How Testosterone Gel Works at the Molecular Level

Testosterone gel delivers bio-identical testosterone through the skin into the dermal capillary bed, bypassing first-pass hepatic metabolism. Once absorbed, testosterone binds the androgen receptor (AR) in target tissues including skeletal muscle, bone, brain, and erythropoietic marrow. The AR-testosterone complex translocates to the nucleus, binding androgen response elements on DNA to activate transcription of genes governing muscle protein synthesis, erythropoietin production, and bone mineral maintenance 1. A portion of circulating testosterone undergoes 5-alpha reduction to dihydrotestosterone (DHT) in prostate and skin, and aromatization to estradiol (E2) in adipose tissue.

This pharmacokinetic profile matters for interpreting real-world data. Gel formulations produce steady-state serum testosterone levels within 24 to 72 hours, with a relatively flat diurnal curve compared to injections, which create supraphysiologic peaks followed by troughs. The Endocrine Society's 2018 guideline notes that "transdermal testosterone maintains more physiologic, steady-state concentrations" and recommends gels as a first-line option for men who prefer stable levels 2. That pharmacokinetic stability is relevant to registry findings on mood, energy, and sexual function, where symptom consistency tracks serum consistency.

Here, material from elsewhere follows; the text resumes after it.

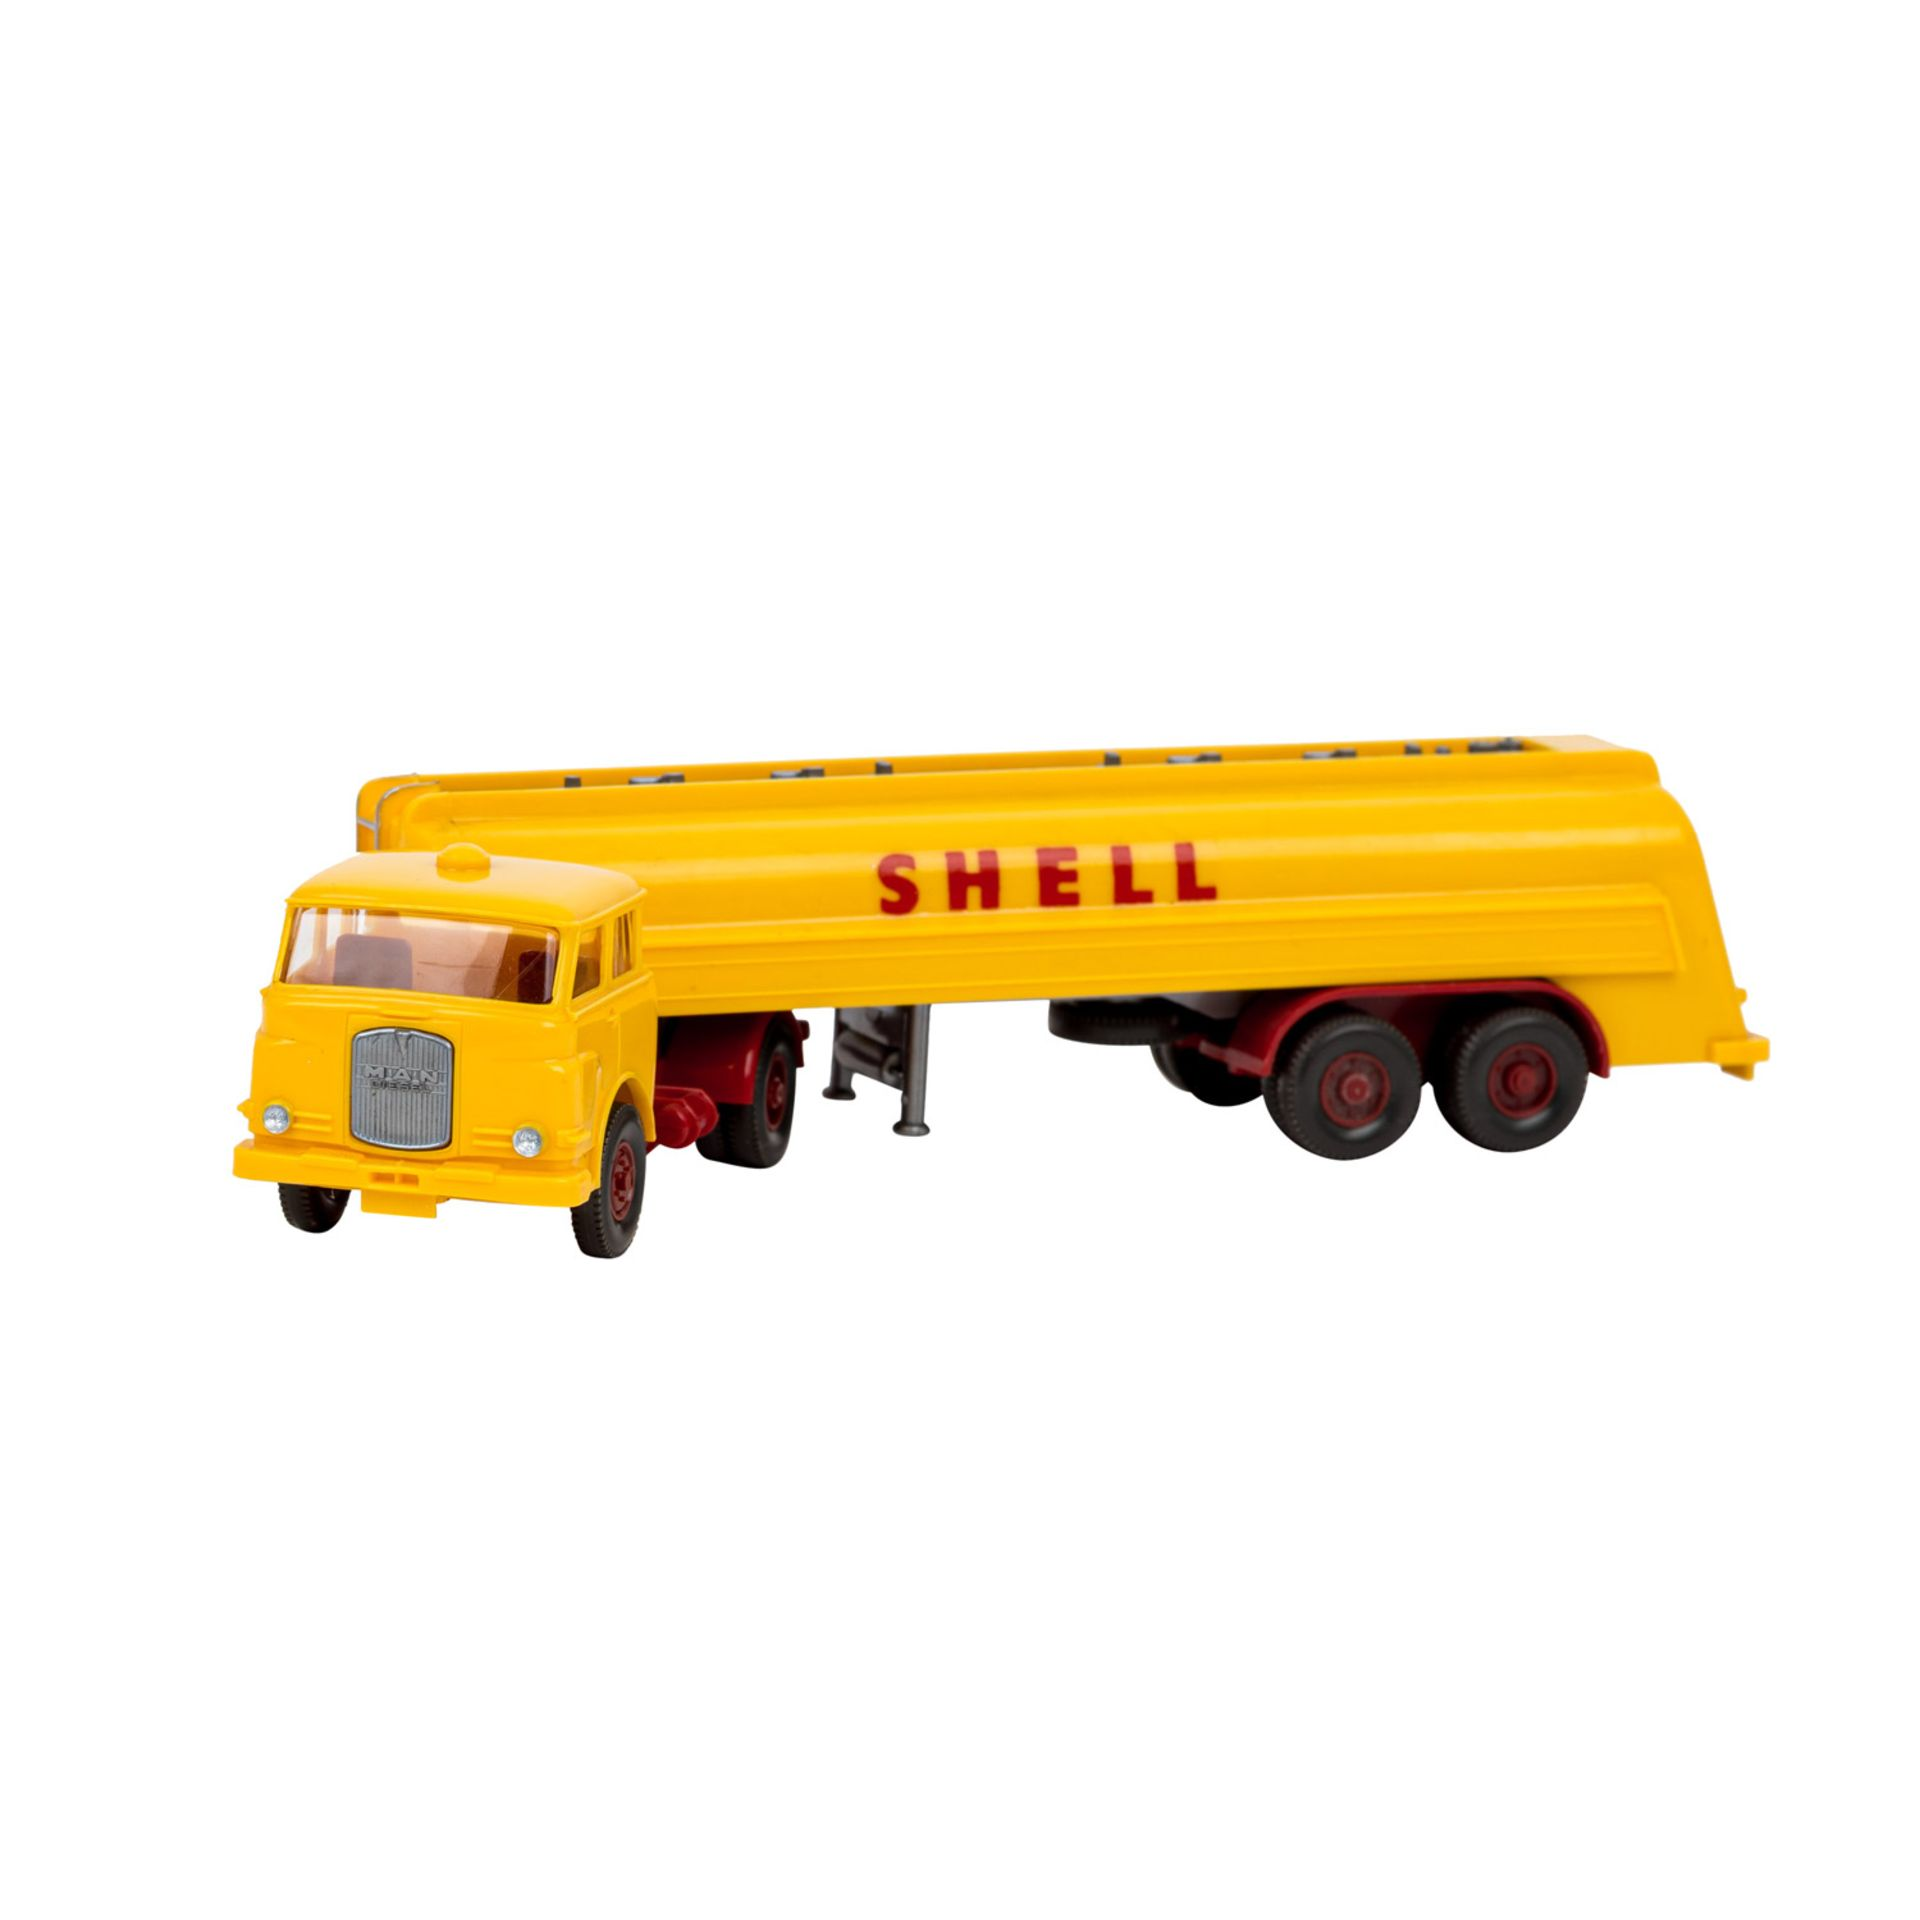 WIKING Shell-Tanksattelzug MAN 10.230, 1966,großer Shell-Tankzug, Zugmaschine mit int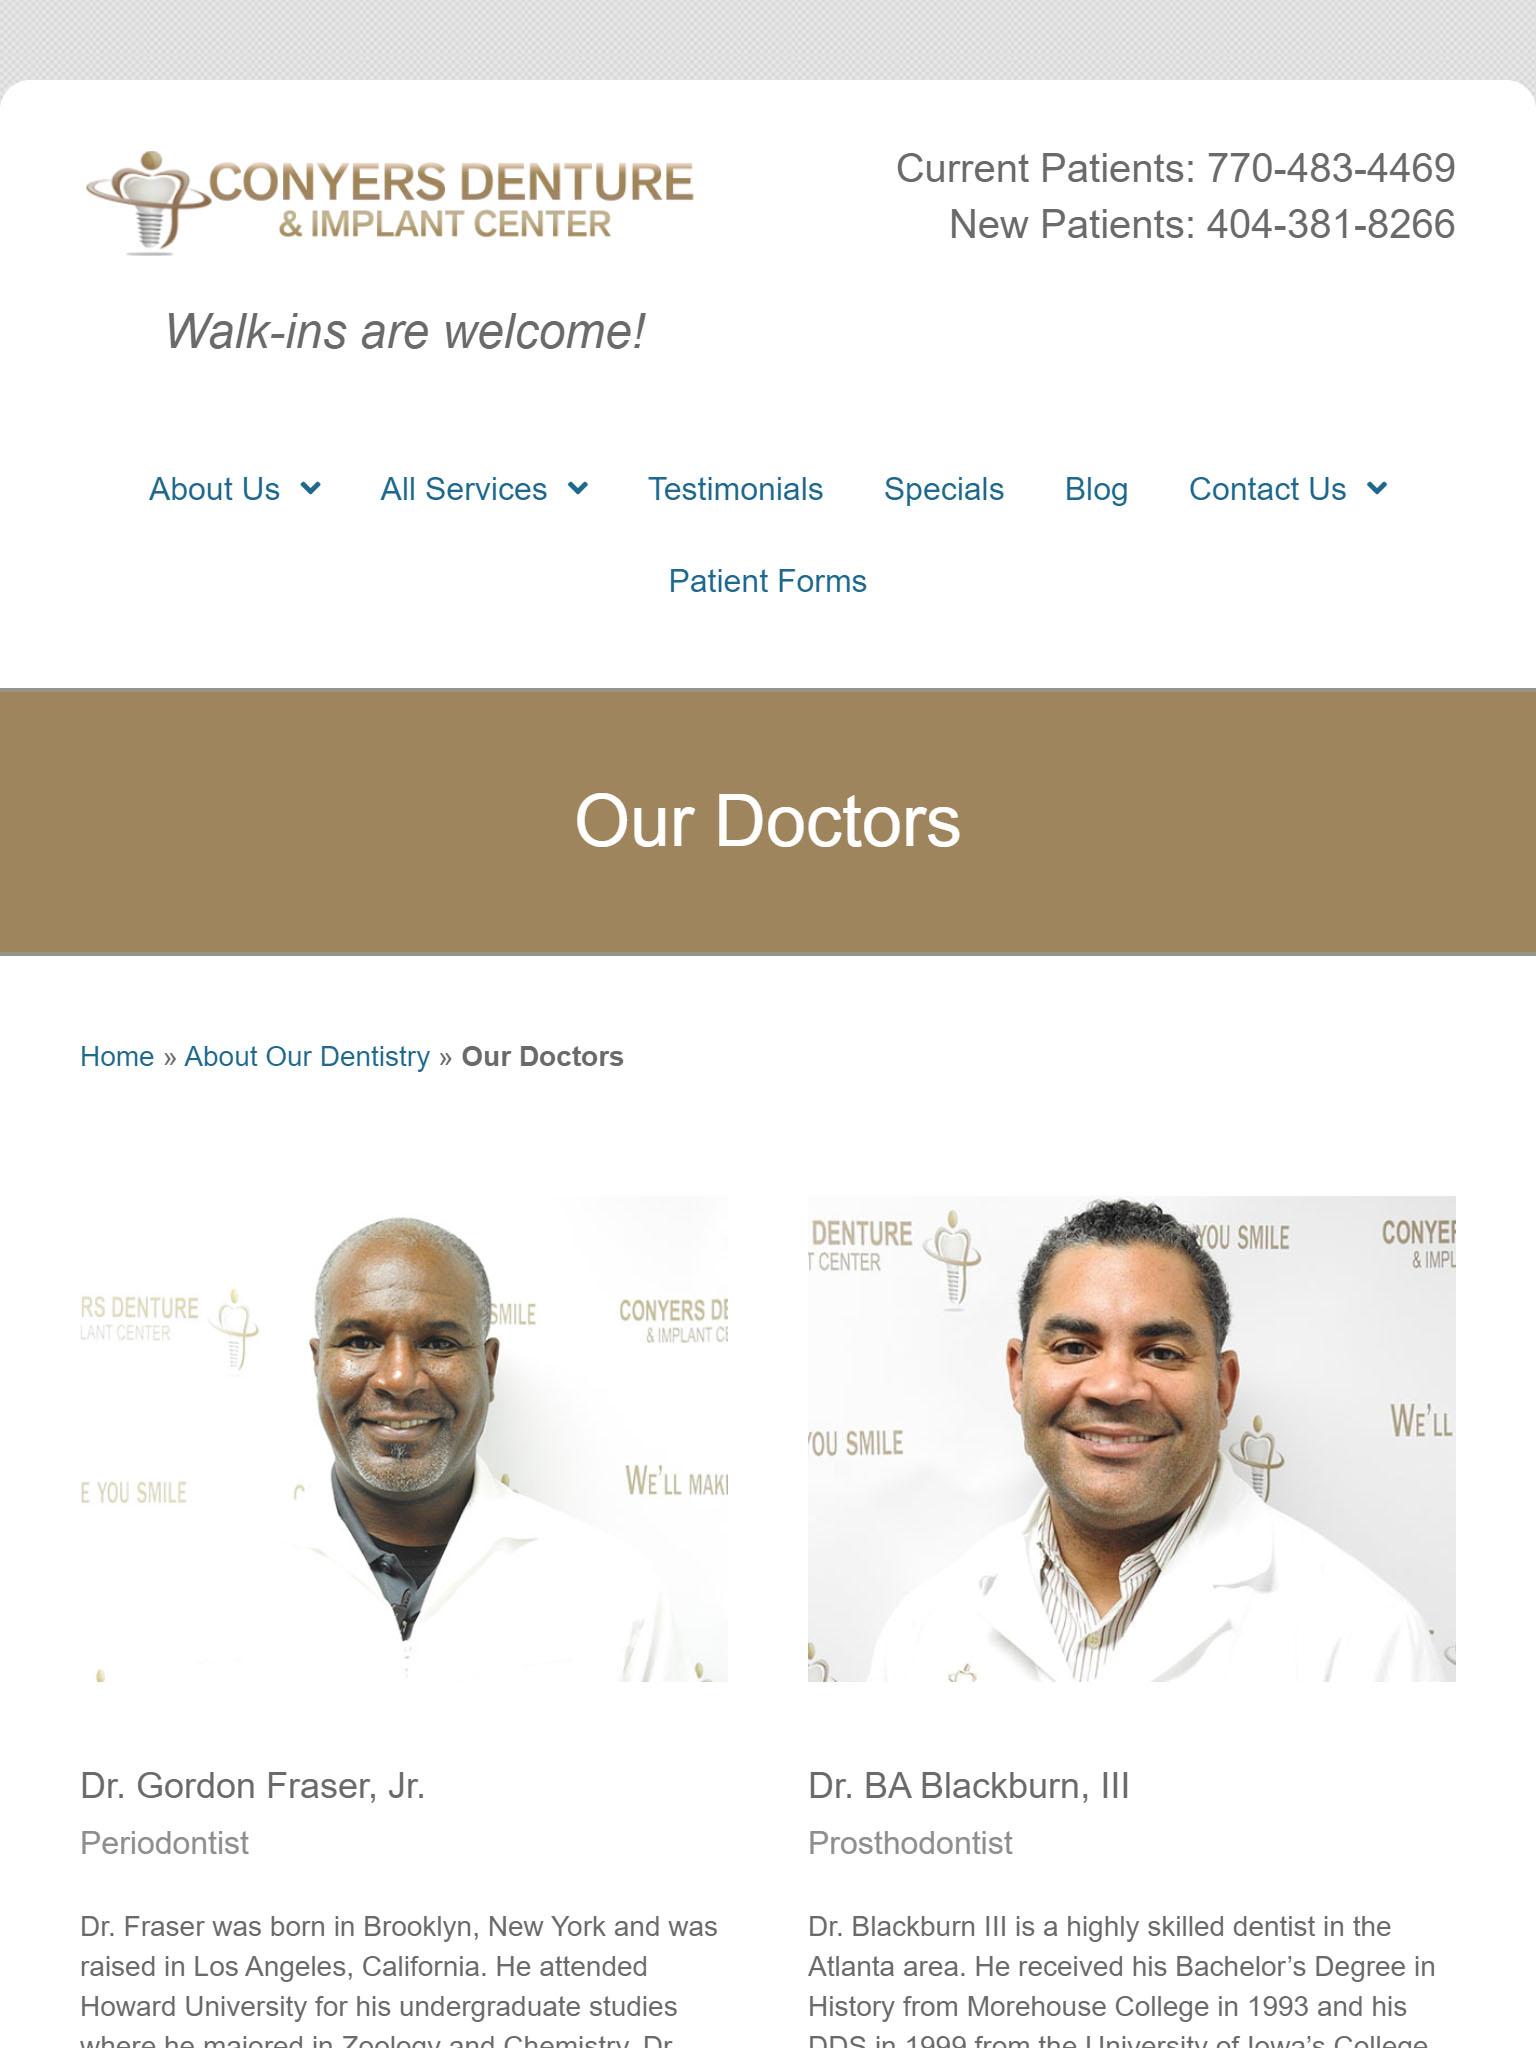 Conyers Denture & Implant Center Tablet Web Design

The T-Trials: Real-World Population, Controlled Design

The Testosterone Trials (T-Trials) enrolled 790 men aged 65 and older with serum testosterone below 275 ng/dL and symptoms of hypogonadism across 12 U.S. academic centers. Participants applied AndroGel 1% daily for one year. This was not a typical efficacy trial of young, otherwise healthy men. The cohort had a mean age of 72, a mean BMI of 31.0 kg/m², and high rates of comorbidities including diabetes (26%), hypertension (72%), and prior cardiovascular disease (12%) 1.

Results were consistent across all seven coordinated sub-studies. Sexual function improved modestly but significantly (PDQ-Q4 sexual desire score increased by 0.58 points vs. placebo, P=0.002). Physical function measured by the 6-minute walk test did not reach significance. Bone mineral density of the lumbar spine increased by 7.5% in the testosterone group versus 0.8% with placebo over 12 months 3.

What makes the T-Trials valuable as quasi-real-world evidence is the population. These were community-dwelling older men with multiple comorbidities, reflecting patients seen in primary care and endocrinology clinics rather than tightly selected trial volunteers.

TRAVERSE: The Cardiovascular Question Answered

For years, two retrospective studies published in 2013 and 2014 raised alarms about testosterone therapy and cardiovascular risk, prompting the FDA to add a class-wide warning in 2015 4. The TRAVERSE trial, published in the New England Journal of Medicine in 2023, was designed specifically to resolve this question 5.

TRAVERSE randomized 5,204 men aged 45 to 80 with hypogonadism and pre-existing or high risk of cardiovascular disease to testosterone 1.62% gel or placebo. Mean follow-up was 33 months. The primary endpoint, a composite of cardiovascular death, nonfatal myocardial infarction, and nonfatal stroke (MACE), occurred in 7.0% of the testosterone group versus 7.3% of the placebo group (hazard ratio 0.96; 95% CI 0.78 to 1.17) 5. This met the pre-specified non-inferiority margin of 1.5.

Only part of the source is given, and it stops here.